Module 3: IntroductionHello,

I am an Anthropology major with 2 minors in Statistics and Biology. I hope to be a Bio-Archaeologist. I will be doing my Wiki on Gender in Ancient China. As a young Vietnamese woman, my culture is strongly influenced by Chinese philosophy, so I would like to use this opportunity to research about gender in China. By doing so, I hope to learn about how gender differences originated in China as to further my understanding of my own culture's beliefs.

Thank you and have a wonderful day! :)



Module 4: Relevant Websitehttp://people.unt.edu/jw0109/misc/stereotype.htm

The following website was written by student (I'm assuming) from the University of Northern Texas. I found it in the university's archives. This student is of Chinese descent and offers his/her perspective on the gender stereotypes and inequalities that he/she has researched about through scholarly articles and through personal experience.



Module 5: Relevant ImageThe link to the image can be found here:

http://www.chinaculture.org/gb/en_aboutchina/2003-09/24/content_22879.htm

CAPTION: An illustration of Wu Zetian, the only female emperor of China. She reigned successfully during the Tang Dynasty.



Module 6: HistoryLink to the History of a Wiki related to my topic:

http://en.wikipedia.org/w/index.php?title=Taoist_sexual_practices&action=history

Link to the History of a Wiki controversial:
http://en.wikipedia.org/w/index.php?title=Homosexuality_in_China&action=history

Information on these wikis is not very reliable because it can be edited by just about anyone depending on the page. The editor has not established his or her credentials because many times, the wikis can be edited by the public.



Module 7: Brainstorming IdeasTopics I am interested in:
  • Archaeology of beauty tools used by women of the Imperial Court
  • Hierarchy of Emperor's concubines
  • Process of becoming an Emperor's concubine
  • Documents revealing how emperors managed their time with all their concubines
  • Hierarchy of princesses and their arranged marriages

I am interested in the social structure of the Imperial Palace regarding the women that served the emperor, including his many concubines and many daughters. Emperors have many women to satisfy their sexual urges and to produce a suitable heir for them. Consequently, these concubines often rivaled each other for the emperor's attention and for the chance to become his empress. The emperor also fathered many children as a result of his numerous concubines and treated his daughters as mere pawns. A social hierarchy developed within the Imperial Palace due to the women struggling to gain the high seat next to their beloved emperor.



Module 8: Finding a Source“The floodplains along the Nile constitute an important but as yet little utilized series of laboratories for the comparative study of the origins and interaction of ancient civilizations.”

Excerpt taken from “Kerma: The Rise of an African Civilization,” Bruce G. Trigger, The International Journal of African Historical Studies, Vol. 9, No. 1. (1976), pp. 1-21.



Module 9: Looking for a Relevant Source
Female Rulers in Imperial China
Lien-sheng Yang
Harvard Journal of Asiatic Studies
Vol. 23, (1960 - 1961), pp. 47-61
Published by: Harvard-Yenching Institute
Article Stable URL: http://www.jstor.org/stable/2718567

This article is relevant to my Wiki topic because it discusses the importance of past female rulers in China that have often been belittled, ridiculed, and criticized for their sex.
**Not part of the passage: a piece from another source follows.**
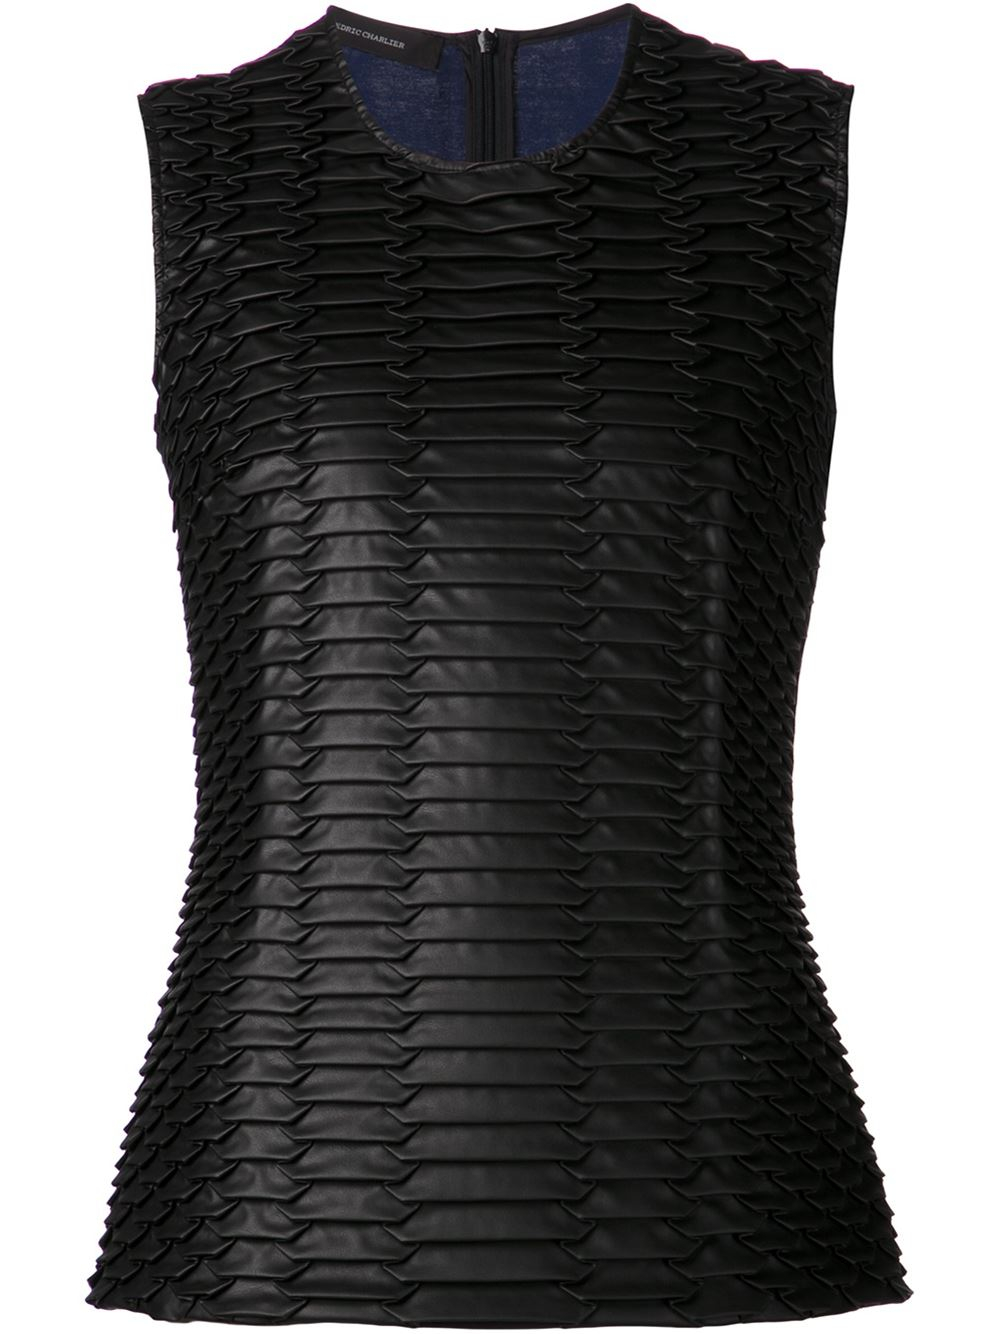 Lyst - Cedric charlier Faux Leather Tank Top in Black

"Woman is still more of a slave of man among the Chinese than among Anglo-Saxons...It is common knowledge that, in the whole history of imperial China from 221 B.C. to 1912 A.D., Chinese society was predominantly patriarchal and patrilineal. Attention is rarely called, however, to the fact that in many periods of its long history the country was governed by female rulers. Empress dowagers served as regents for both Chinese and alien dynasties, and they were particularly powerful under the Han, the Northern Wei (Hsien-pi), the Liao (Ch'i-tan), the Sung, the Yuan (Mongol), and the Ch'ing (Manchu). The T'ang dynasty witnessed the unique female emperor, Wu Chao, who founded her own dynasty (r. 690-705, d. 705, aged 8o). Altogether, these female rulers exerted considerable influence in Chinese history."
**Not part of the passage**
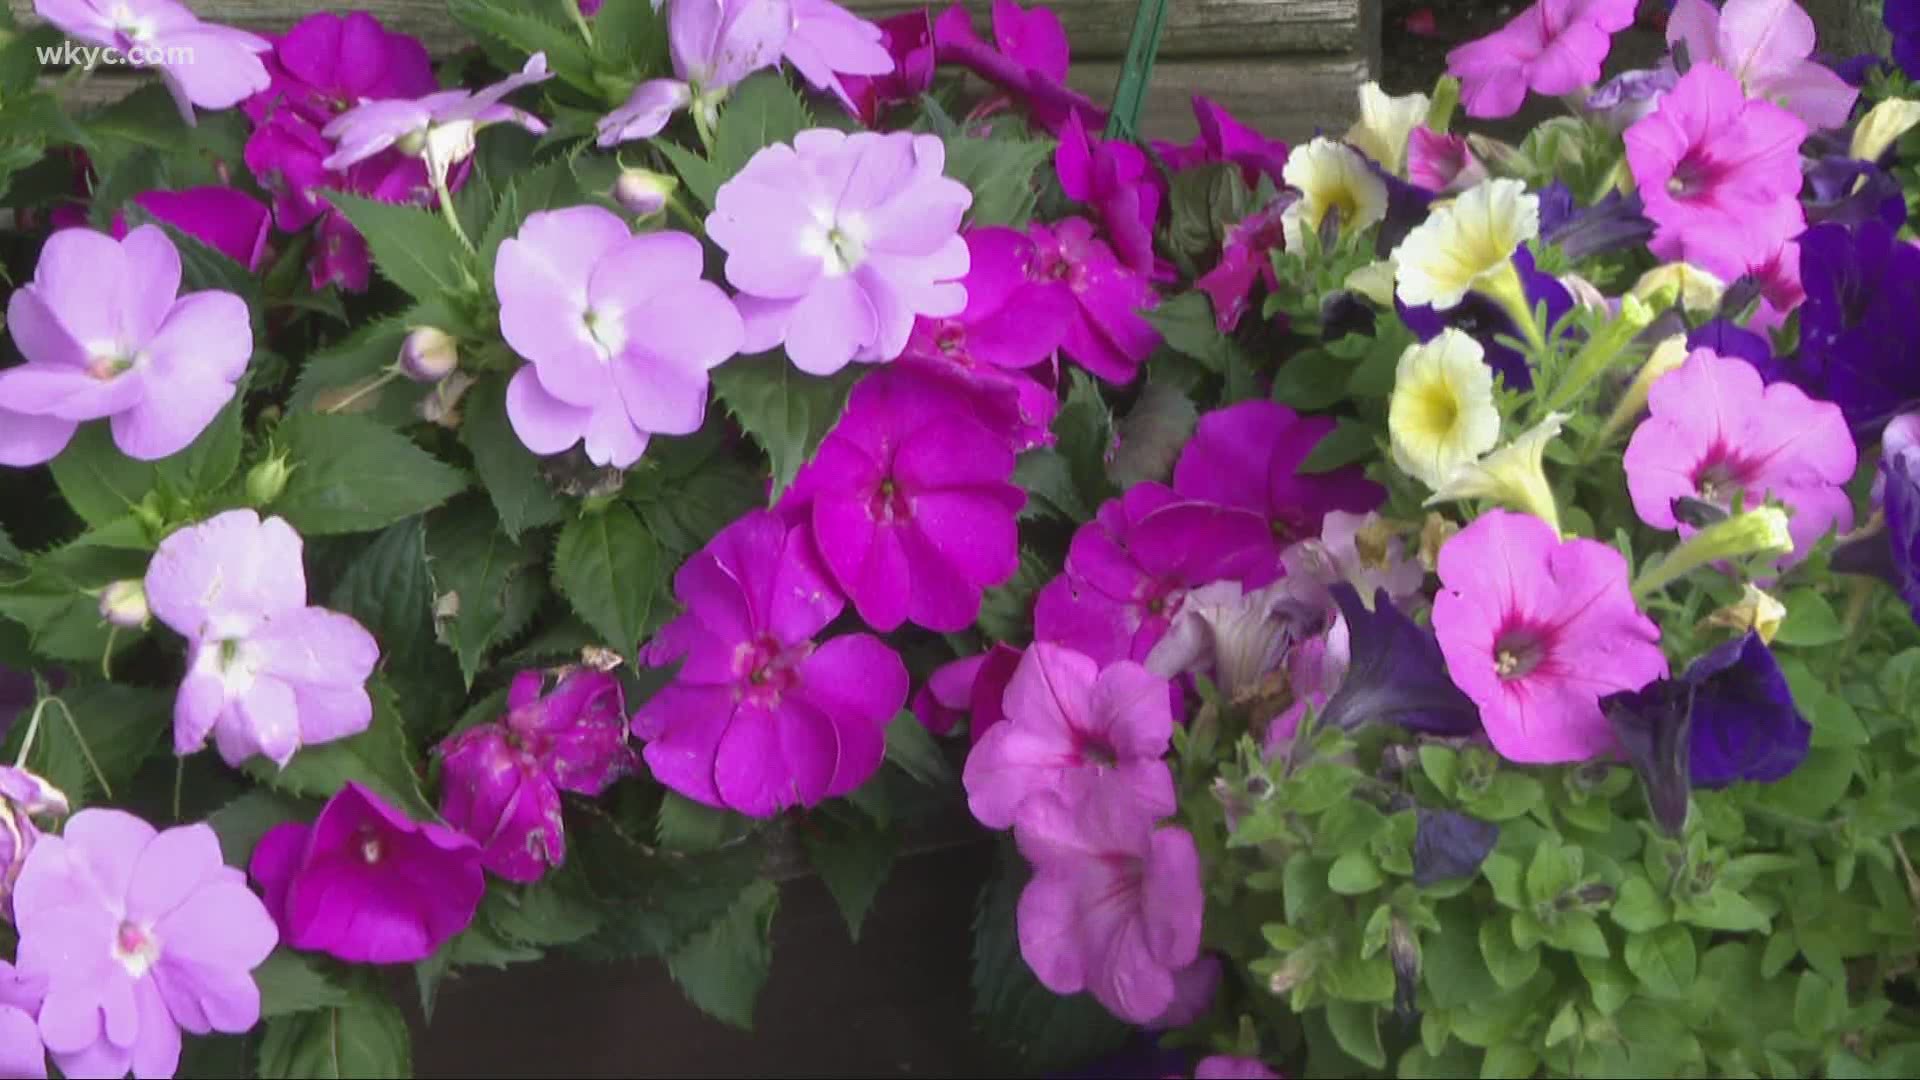 The experts at Breezewood Gardens share their advice on how to make your yard a bit more appealing this year.

From the Harvard Journal Of Asiatic Studies



Module 10 & 11: Coherent Section
Chinese Palace-Style Poetry and the Depiction of a Palace Beauty
Ellen Johnston Laing
The Art Bulletin
Vol. 72, No. 2 (Jun., 1990), pp. 284-295
Published by: College Art Association
Article Stable URL: http://www.jstor.org/stable/3045734

In ancient China, a woman was to appear like a flower in the springtime, lovely and alluring. The painting A Palace Beauty depicts this ideal Chinese woman of the Imperial Court standing near a banana tree, adjusting her hair. This stereotypical woman was supposed to care deeply about her physical appearance because, according to various love poems, she could only keep a man's love by her beauty. This ideology illustrates that Chinese women, from an anthropological viewpoint, were acknowledged only for the way they looked and less for how intelligent or talented they were. This superficial belief in beauty was most likely the reason why there was a limitless quantity of young concubines for an emperor because aging and the gradual loss of beauty were inevitable. Therefore, a constant resupplying of young beauty would have been necessary to satisfy an emperor's sexual appetite. In regards to the woman shown in the painting, A Palace Beauty, she was probably a concubine, tidying herself up before meeting with her beloved emperor for as long as her physical appearance allowed her to do so.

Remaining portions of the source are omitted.